Итак, главную и единственную улику против себя — дневник — я сработал на славу. Подробности того, как я собираюсь убить Зинаиду, изложены красочно и сочно. С указанием конкретных дат и препаратов. Масса пространных рассуждений о том, как я ненавижу жертву. Разумеется, в самом начале следствия вылезла еще алчная и неутомимая Ольга, которая своими показаниями наверняка подлила масла в огонь, расписала, какой я странный тип, как подозрительны были мои речи относительно старухи. Еще один кусочек мозаики для живописания мрачной картины. Так что ситуация с расследованием, кажется, не должна дать крен в неожиданную сторону. У следователя есть кандидат, у которого была и причина и возможность убить старуху, и который, к тому же, не отпирается. Он полагает, что основной и единственный мотив убийства — квартира, а единственный человек, который мог Зинаиду отравить, — я. И хоть мама с адвокатом думают иначе, моя задача его в этом не разубеждать.

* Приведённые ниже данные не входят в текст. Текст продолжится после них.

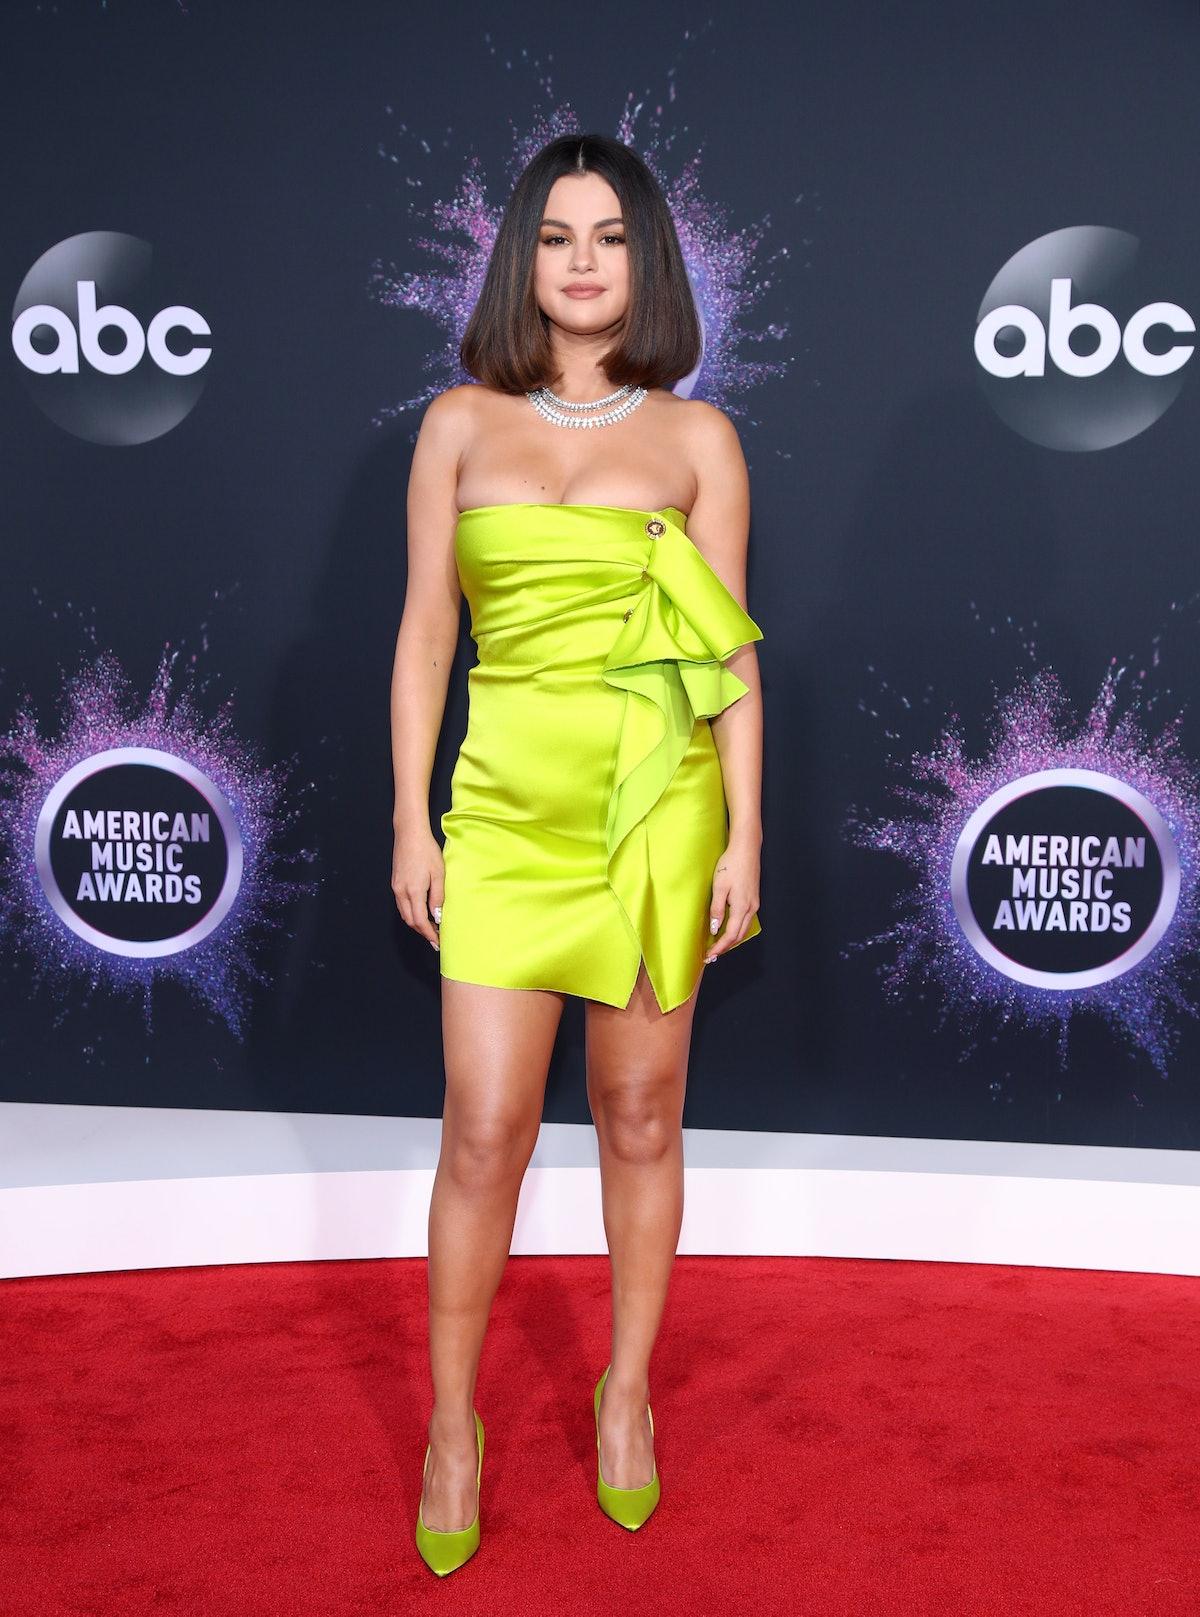 Selena Gomez wearing green

Я пишу на бумаге, и это последняя запись в моем дневнике. Что бы ни решил суд, писать про Зинаиду я больше не собираюсь. Для следствия эта история еще не закончена, но она закончена для меня. Какое решение вынесет суд, можно будет прочесть в Интернете.
Для меня это не важно. Важно лишь то, что я осознал свою вину и признаюсь. Остальное — нюансы. Зинаиду убил я.
Адвокат говорит мне не признавать вину. Дескать, мне нет необходимости смягчать сердце судьи признанием, улики против меня по сути косвенные. Она собирается парировать: мало ли кто и что пишет в своих дневниках. Она говорит, что шансы на то, что меня вообще полностью оправдают, составляют пятьдесят процентов. Это много! Но я собираюсь вину признать безоговорочно. И не для того, чтобы вызвать сочувствие. Какие бы печальные последствия ни ждали меня, я признаюсь. Потому что — я это сделал.
Зинаида до сих пор прохлаждается в морге. И будет прохлаждаться, пока дело не закроют. Результаты вскрытия озадачили врачей, которые не нашли никаких назначений на «Х…мин» и выяснили, что у Зинаиды не было необходимости его принимать. (Лера могла бы объяснить им, что к чему, но к тому моменту, испугавшись содеянного, она уже два дня как сбежала).
Бабка находилась под нашей опекой, понятно, что без внимания передозировку «Х…мином» не оставят. Лера, конечно, все-таки глупышка. «Х…мин»-то она купила, но, не зная необходимой дозировки, дала Зинаиде слишком много. Судя по результатам вскрытия, Зинаида употребила почти целый пузырек.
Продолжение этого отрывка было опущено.